With these preliminaries out of the way, let us turn to some of the practical observations Searles makes. Given the vast swaths of material in this book, I simply offer some selected gleanings here as they struck me as particularly insightful or clinically useful. The reader will also note that I tend to highlight where Searles is in agreement with, or at least manifests substantial overlap with, Atwood, Laing, and Bollas in my previous essay.
Mistakes and Limitations:
Searles notes early on--an entirely appropriate way to begin--that mistakes will come up and you may in fact be able to put them to profitable use, but with the caution that the schizophrenic patient (henceforth: SP) will more readily forgive a mistake of the head than of the heart. You need to be vulnerable with them, and that is not easy to do.

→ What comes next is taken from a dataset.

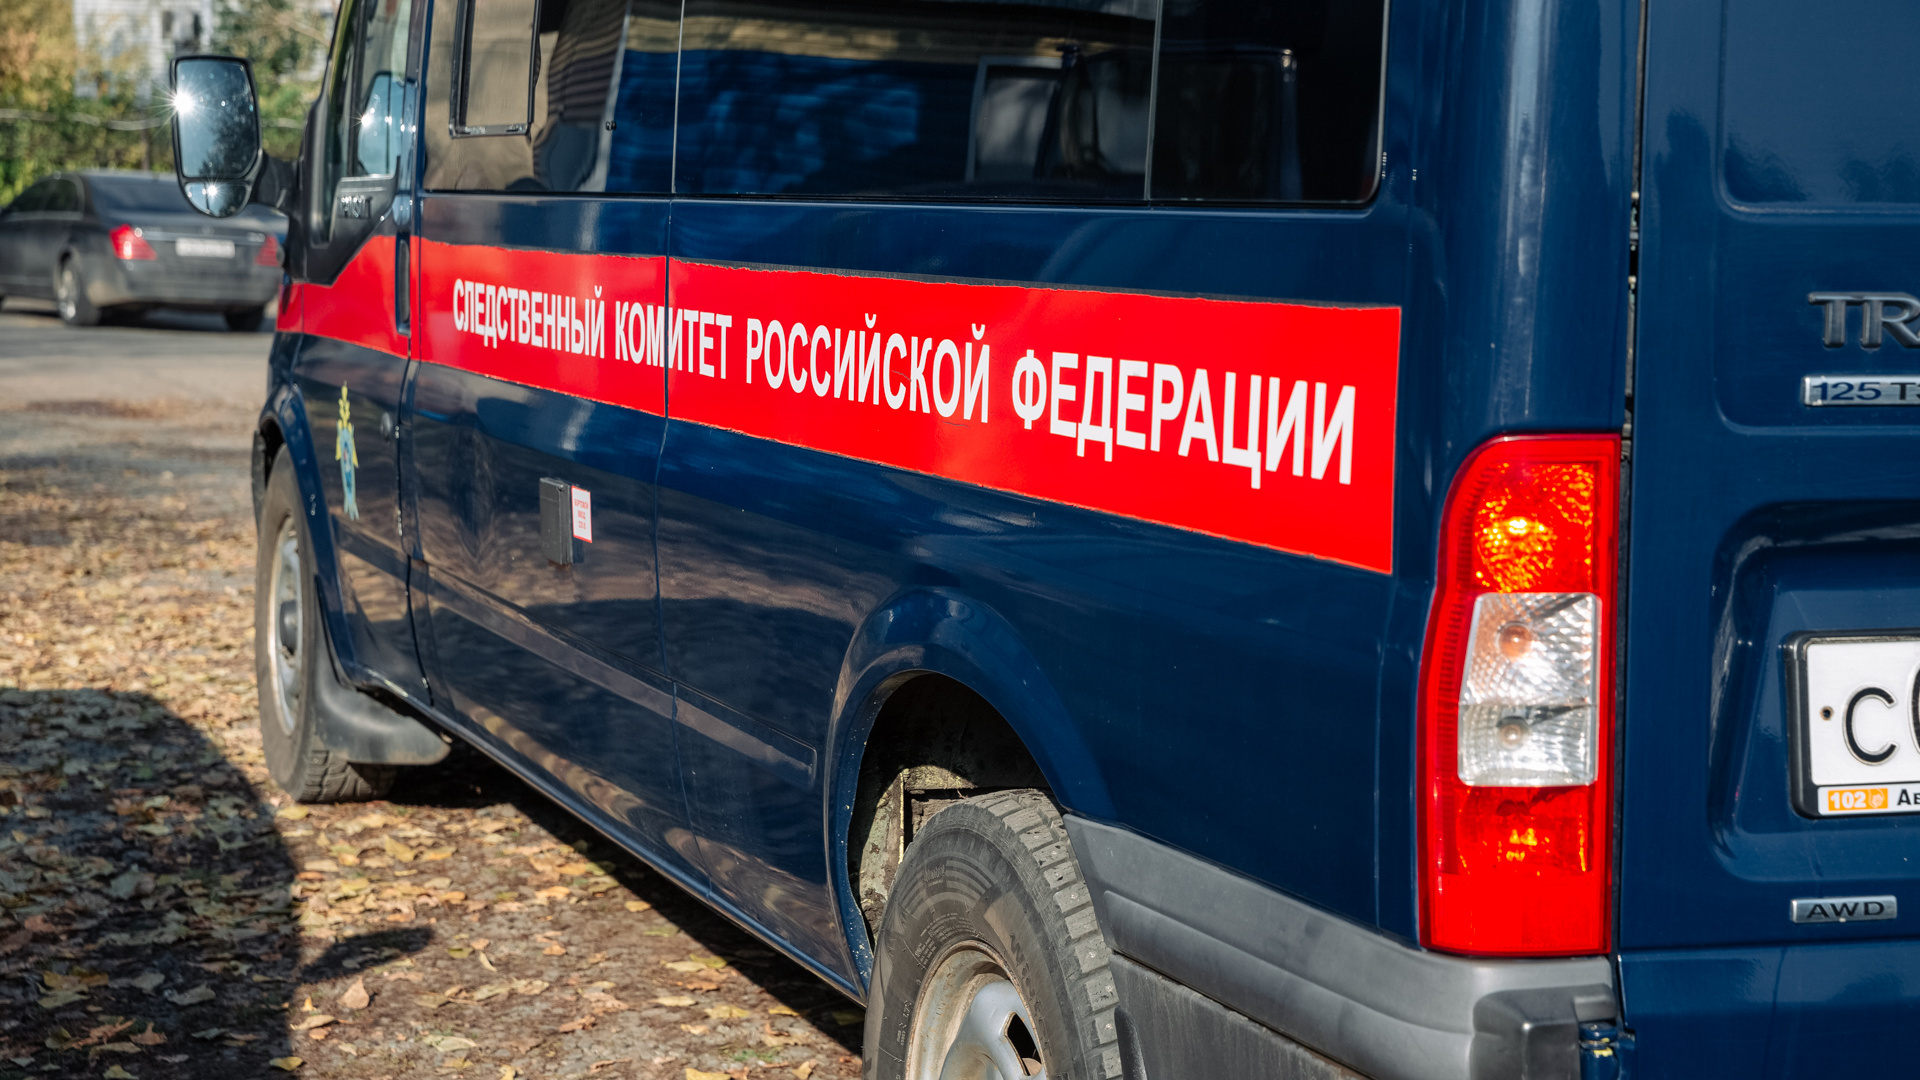 Тело девочки-подростка обнаружено в лесу в Кузбассе. Накануне она поссорилась с матерью и сбежала из дома
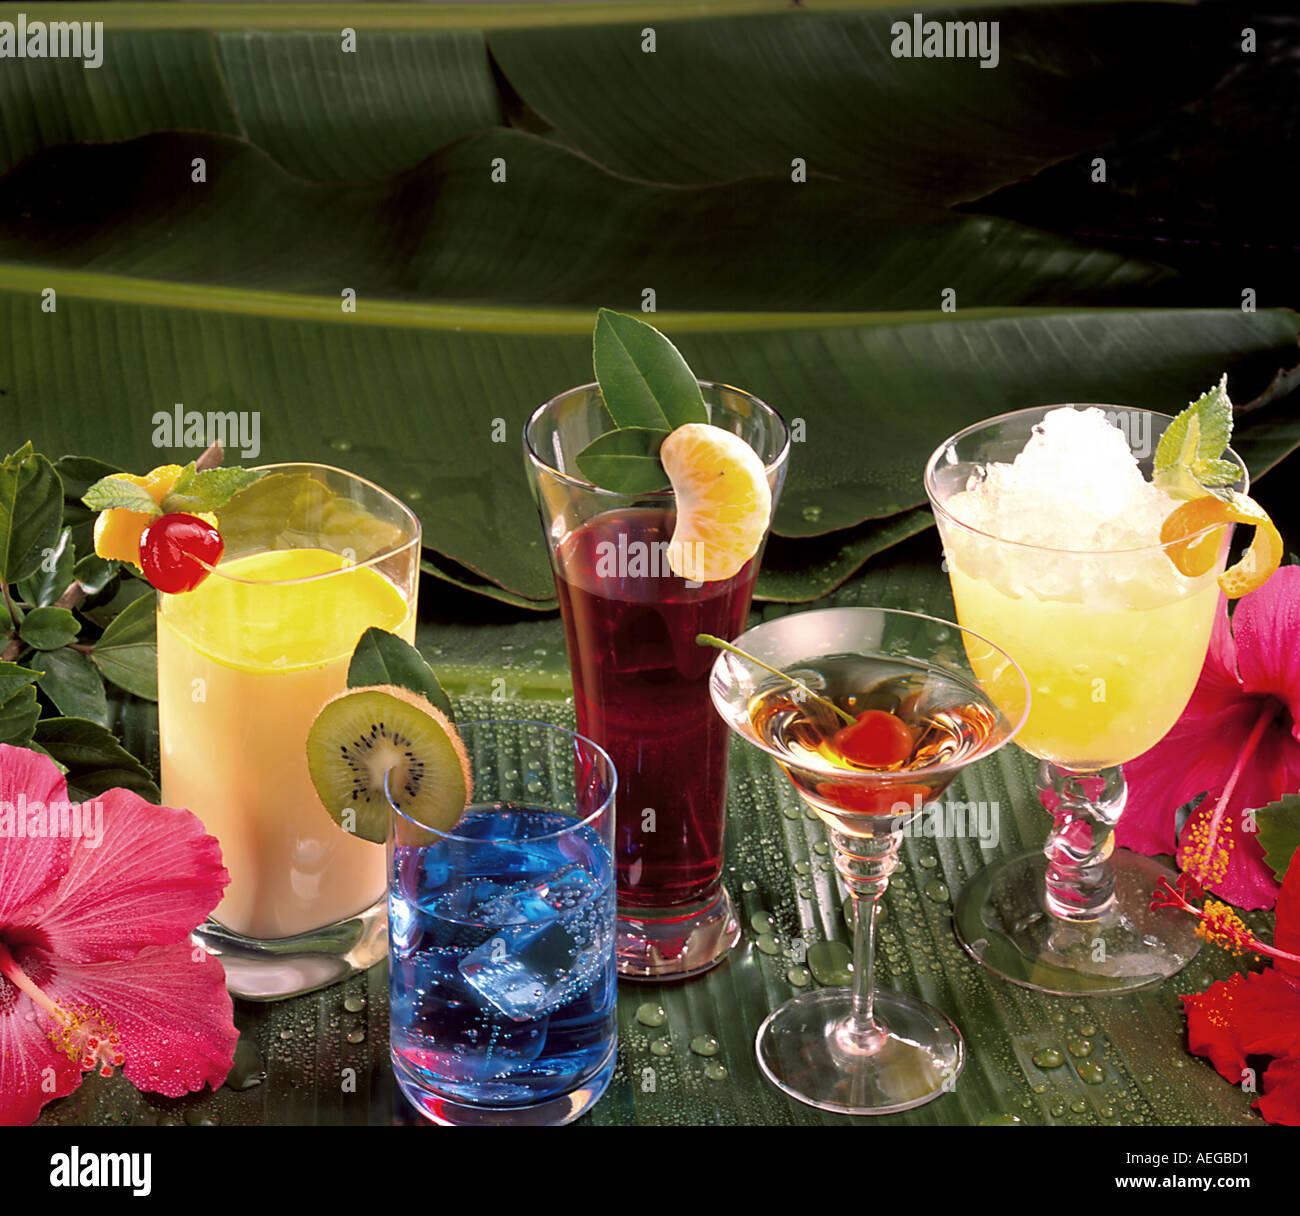 Essen Glas Gläser Getränke Frucht-Cocktail Cocktails garnieren Martini  trinken Getränke alkoholische Alkohol Geist Geister tropischen  Stockfotografie - Alamy

Later in the book he several times makes an observation that, to my mind, applies to every patient in any condition: "One cannot formulate detailed rules which are applicable to the complex and changing conditions of a therapeutic relationship.. Nevertheless, as he continues a little later on the page, "there are several general principles which I have found to be consistently useful guides" (p.139).
One such principle is to remember the frame and humbly acknowledge what you can and cannot attempt to do--with an SP or any patient, it seems to me: "The therapist's major task is not to attempt to make up to the patient for past deprivations, but rather to help the patient to arrive at a full and guilt-free awareness of his dependency needs" (ibid). The best way to be able to do this is if "the therapist can freely accept his own human limitations, he can help the patient to relinquish his infantile omnipotence and accept his human dependency needs" (p.140). (That theme of omnipotence and its destructive potential is much observed in many of Adam Phillips' books, too, I would note in passing.)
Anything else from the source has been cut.